"It would," said I. "As a matter of fact she is in Genoa to seek her brother, the Prince Camillo."
"Nevertheless," he insisted, and with an impertinence I could not rebuke (for fear of drawing the attention of the passers-by, who were numerous)—"nevertheless I divine that you have much either to tell me or conceal."
He, at any rate, was not reticent. On our way he informed me that his companions in the lodgings were a troupe of strolling players among whom he held the important role of capo comico. We reached the house after threading our way through a couple of tortuous alleys leading off a street which called itself the Via Servi, and under an archway with a window from which a girl blew Mr. Fett an unabashed kiss across a box of geraniums. The master of it, a Messer' Nicola (by surname Fazio) had rooms for us and to spare. To him Mr. Fett handed the market-basket, after extracting from it an enormous melon, and bade him escort the Princess upstairs and give her choice of the cleanest apartments at his disposal. He then led us to the main living-room where, from a corner-cupboard, he produced glasses, plates, spoons, a bowl of sugar, and a flask of white wine. The flask he pushed towards Marc'antonio and Stephanu: the melon he divided with his clasp-knife.

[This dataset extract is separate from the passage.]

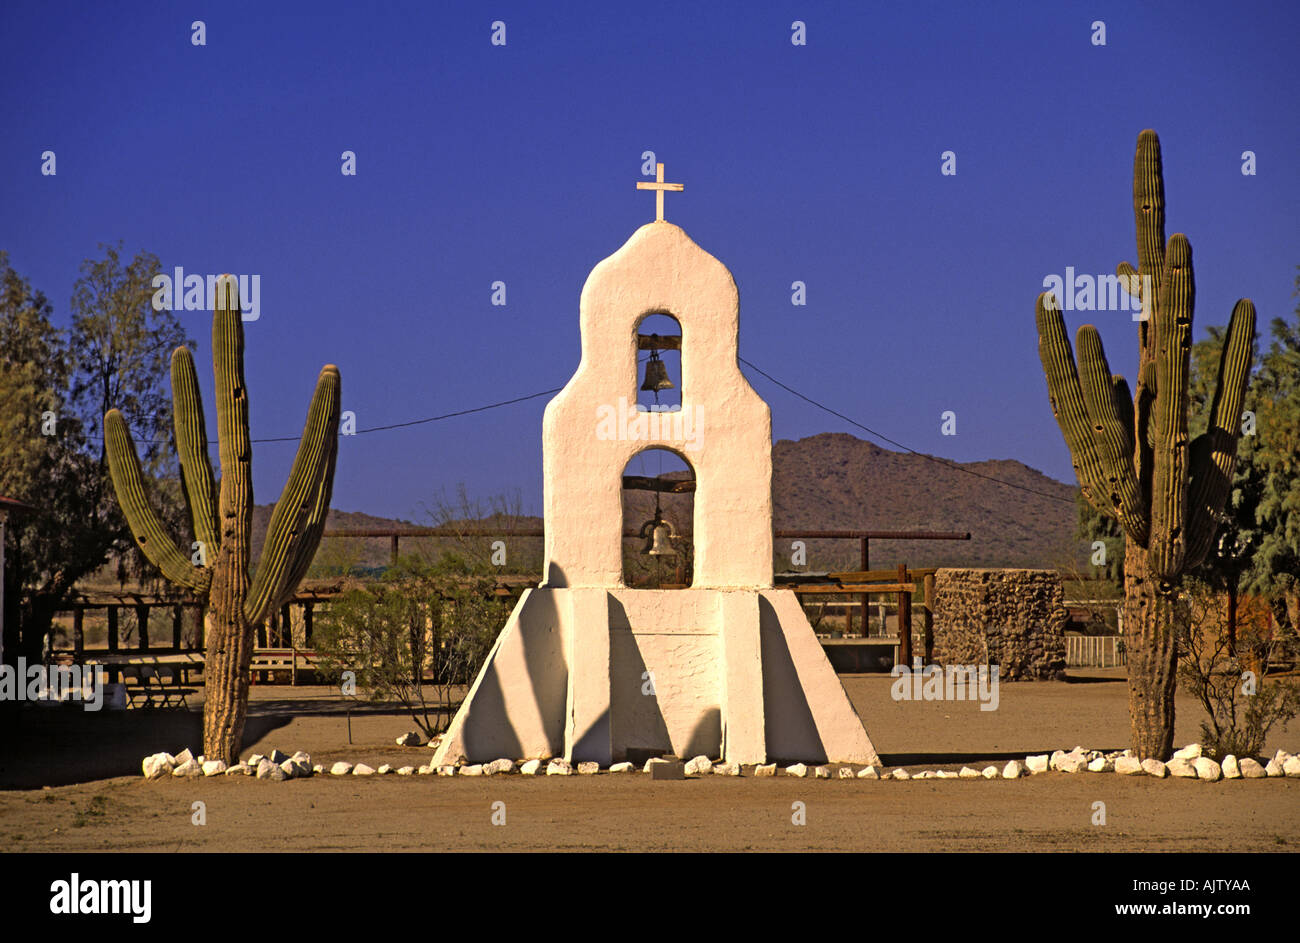 L'église paroissiale de St Anne beffroi, Gila River Indian Reservation, près de Chandler, Arizona, USA Banque D'Images
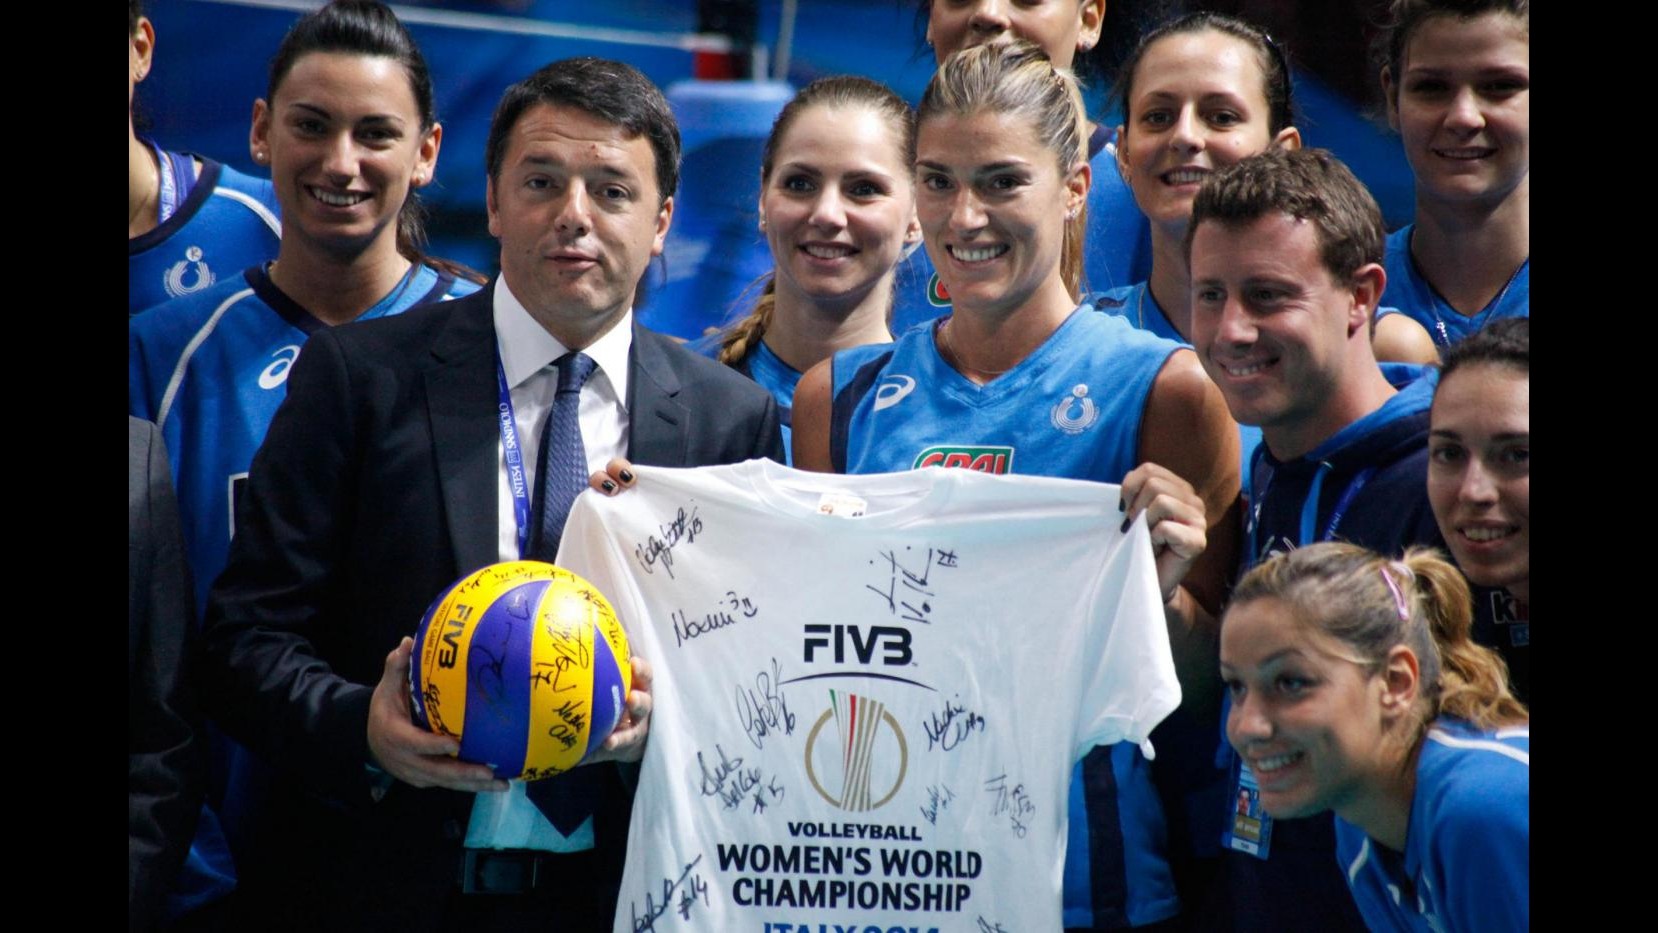 Mondiali Volley, stasera Italia-Usa. Renzi in visita alle Azzurre: Orgogliosi di voi

"You will join us?" he asked, profering a slice. "You will drink, then, at least? Ah, that is better. And will you convey my apologies to your two bandits and beg them to excuse my conversing with you in English? To tell the truth"—here, having helped them to a slice apiece and laid one aside for the Princess, he took the remainder upon his own plate—"though as a rule we make collation at noon or a little before, my English stomach cries out against an empty morning. You will like my Thespians, sir, when you see 'em. The younger ladies are decidedly—er—vivacious. Bianca, our Columbine, has all the makings of a beauty—she has but just turned the corner of seventeen; and Lauretta, who plays the scheming chambermaid, is more than passably good-looking. As for Donna Julia, her charms at this time of day are moral rather than physical: but, having married our leading lover, Rinaldo, she continues to exact his vows on the stage and the current rate of pay for them from the treasury. Does Rinaldo's passion show signs of flagging? She pulls his ears for it, later on, in conjugal seclusion. Poor fellow!—
"Non equidem invideo; miror magis.
"Do the night's takings fall short of her equally high standard?
She threatens to pull mine: for I, cavalier, am the treasurer. . . .
But at what rate am I overrunning my impulses to ask news from you!
How does your father, sir—that modern Bayard? And Captain Pomery?
And my old friend Billy Priske?"
I told him, briefly as I could, of my father's end. He laid down his spoon and looked at me for a while across the table with eyes which, being unused to emotion, betrayed it awkwardly, with a certain shame.
"A great, a lofty gentleman! . . . You'll excuse me, cavalier, but I am not always nor altogether an ass—and I say to you that half a dozen such knights would rejuvenate Christendom. As it is, we live in the last worst ages when the breed can afford but one phoenix at a time, and he must perforce spend himself on forlorn hopes. Mark you, I say 'spend,' not 'waste': the seed of such examples cannot be wasted—"
'Only the actions of the just
Smell sweet and blossom in the dust:'
nay, not their actions only, but their every high thought which either fate froze or fortune and circumstance choked before it could put forth flower. Did I ever tell you, Cavalier, the Story of My Father and the Jobbing Gardener?"